During the last decades, the last three major eruptions, Agung (March 1963), El Chichón (March 1982) and Pinatubo (June 1991), coincided with the onset of El Niño events varying in magnitude depending on the eruption. The climate internal variability triggers El Niño events every 2–7 years. When considering only three eruptions over half a century, it is statistically impossible to demonstrate any causal relationship between volcanic eruptions and these Niño events because these may have occurred simultaneously by chance. As reviewed by Swingedouw et al (2017), proxy-based temperature reconstructions over the last millennium show an increase in the frequency of El Niño events the year after large volcanic eruptions, which then were followed by La Niña conditions. The ENSO response to volcanic eruptions has been widely investigated using climate models. Several studies show an increase of the probability of El Niño conditions after volcanic eruptions (Schatten et al 1984, Hirono 1988, Ohba et al 2013, Maher et al 2015, Pausata et al 2015a) whereas (Ding et al 2014) did not find an ENSO signal related to volcanic eruptions. Finally, Pausata et al (2016) and Khodri et al (2017) showed that the volcanically forced-impact on the ENSO variability depends on the Pacific Ocean initial state at the time of the eruption, and may be small relatively to unforced internal variability.

Climate models are able to reproduce, at least partly, the response of both the ocean and the atmosphere to volcanic eruptions (Swingedouw et al 2017). However, modelling approaches used to simulate the climate response to volcanic eruptions are hindered by the difficulty to accurately estimate the spatio-temporal evolution of the volcanic aerosols in the atmosphere (e.g. Sato et al 1993 2012, Ammann et al 2003, Gao et al 2008, Eyring and Lamarque 2013). The dynamical response to large eruptions, in relation to ENSO, NAO or any mode of variability is challenging to simulate because it could be modulated by the climate background conditions (Zanchettin et al 2013, Pausata et al 2015b, Ménégoz et al 2017). Moreover, it is difficult to detect such dynamical signal as it is often overwhelmed by internal variability at seasonal to decadal timescales.

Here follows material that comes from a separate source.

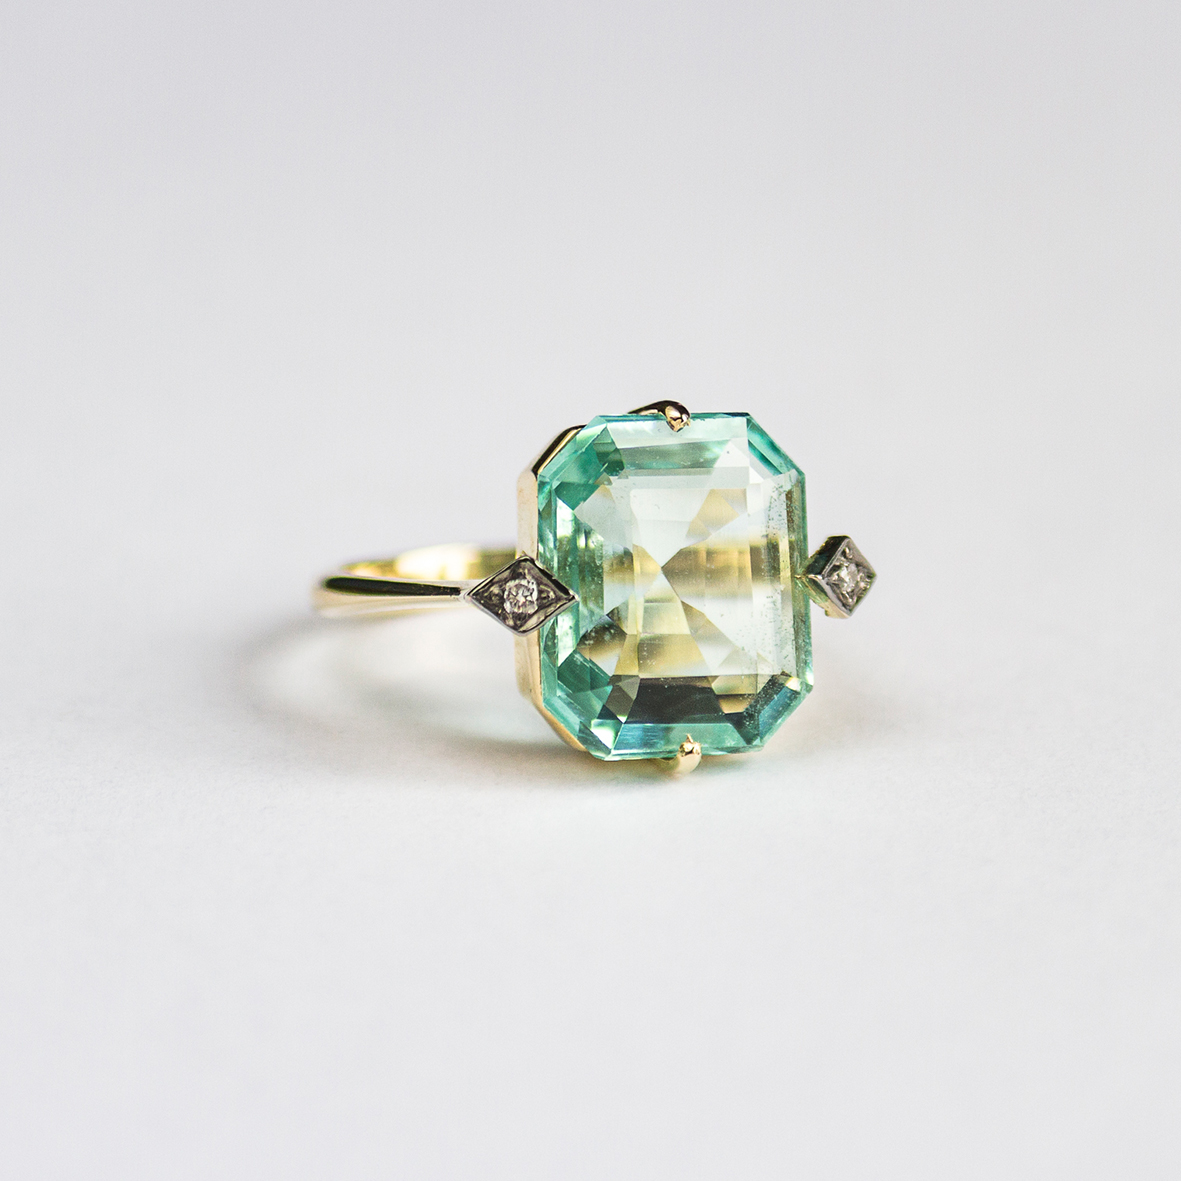 1. OONA_gems of ceylon_ficha1_green aquamarine ring
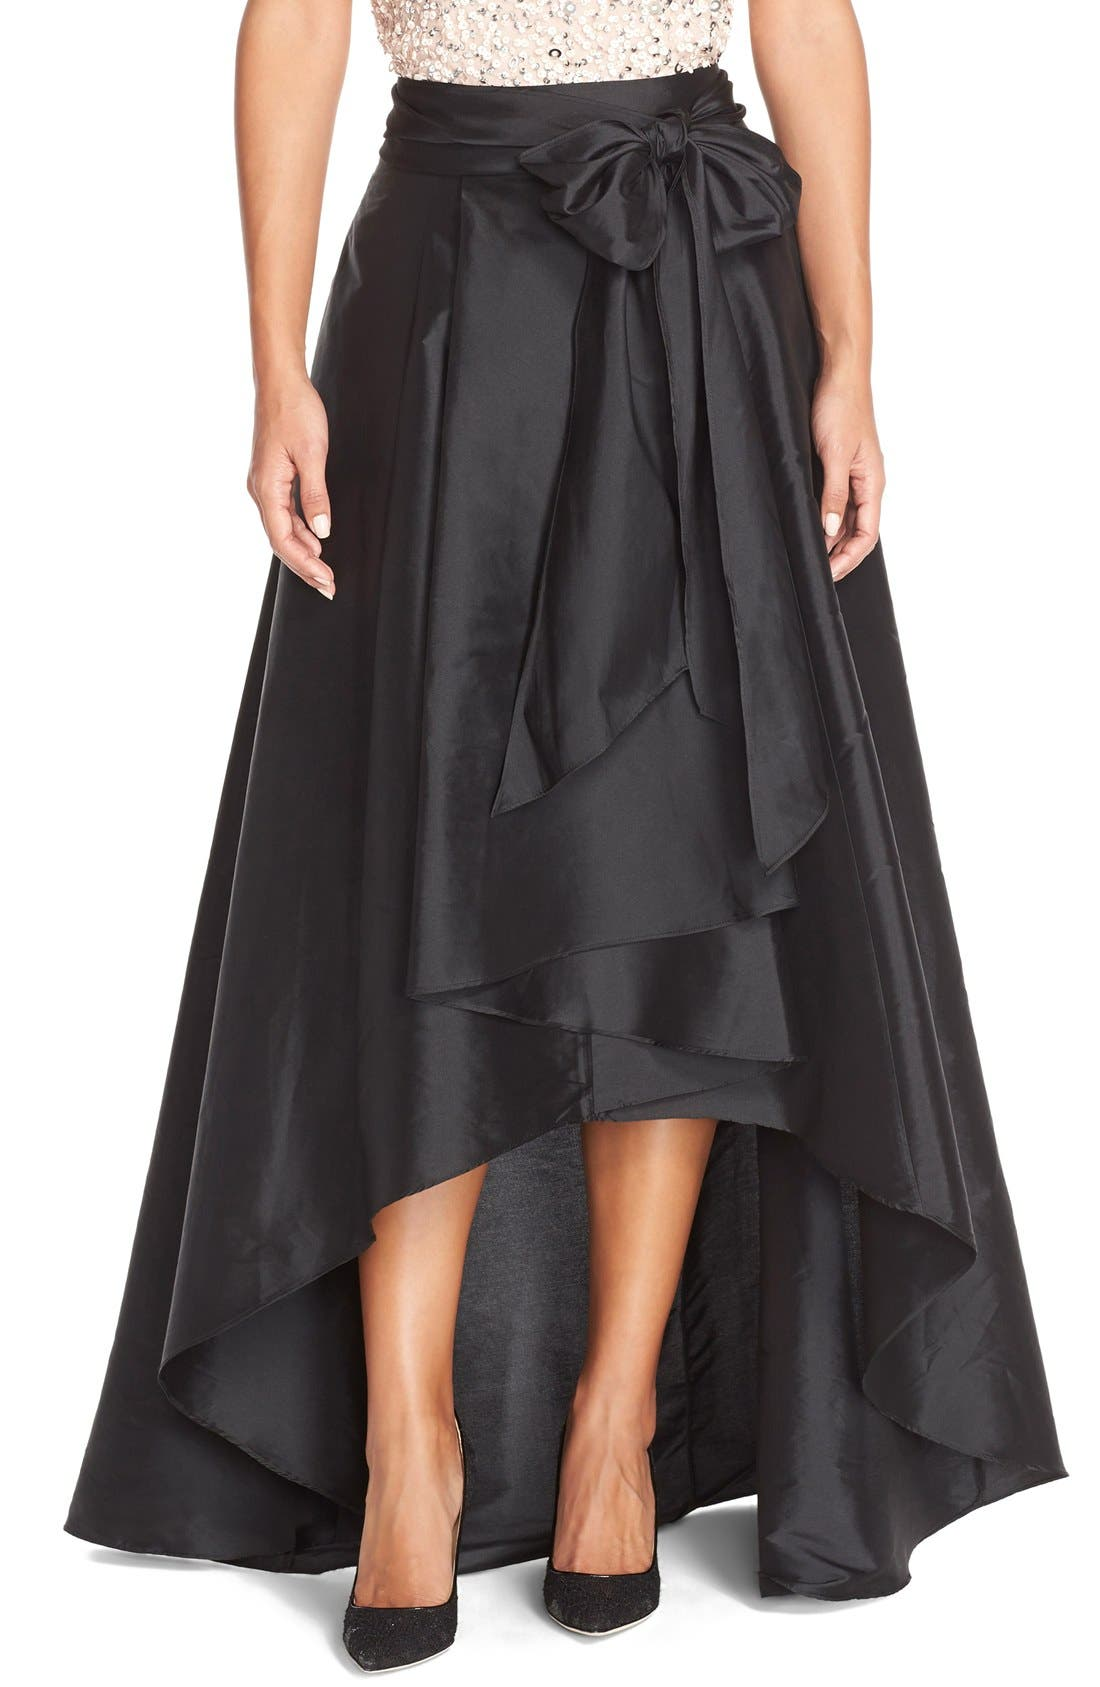 ADRIANNA PAPELL High/Low Taffeta Ball Skirt, Main, color, 001

Understanding the climate response to volcanic eruptions is of major importance when developing decadal forecast systems for two main reasons. First, forecast systems need to be able to predict the climate response to the next future volcanic eruption. Such a goal can be considered, for example, by developing idealized volcanic forcing designed for real-time forecast (Toohey et al 2016), that should be adapted as a function of the atmospheric circulation patterns during the volcanic eruption (Jones et al 2016). Second, the period typically considered to estimate the model biases covers the last decades and includes therefore the three last major eruptions (Agung, El Chichón and Pinatubo). An accurate forecast system has to simulate correctly the climatic response to these eruptions, leading to a cooler climate than it would have been without these. The prediction skill of forecast systems is commonly evaluated by running hindcasts, defined as retrospective forecast including an estimate of the observed external forcings, and in particular the volcanic forcing (e.g. Smith et al 2007, Doblas-Reyes et al 2013, Meehl et al 2013). Recently, Timmreck et al (2016) used two sets of hindcasts covering the last decades, one including and one excluding the volcanic forcing, to demonstrate that a significant part of the skill of their decadal forecast system was associated with the volcanic forcing.

Table 1. EC-Earth v2.3 experiments used in this study. All experiments are 5 year simulations performed with 5 member ensembles (see text) and initialised each year in November.

Experiment Start date (November for all the experiments) Volcanic forcing Initialisation
Volc-Init Each year over 1961–2001 Estimation from observed forcing From observations
Volc-NoInit 1850 Estimation from observed forcing Spin-up 1850–1961
NoVolc-Init Each year over:1961–1964;1980–1983; and 1989–1992 Stratospheric aerosol load set to background value (average of the forcing over 1850–2012) From observations
IdealVolc1-Init   1 year exponential decay of the stratospheric aerosol load from the observed initial state  
IdealVolc2-Init   2 year exponential decay of the stratospheric aerosol load from the observed initial state  
SwitchVolc-Init 1963, 1982, 1991 Volcanic forcings switched between eruptions: 1963: Agung replaced by El Chichon; 1982: El Chichon replaced by Agung; 1991: Pinatubo replaced by el Chichon.  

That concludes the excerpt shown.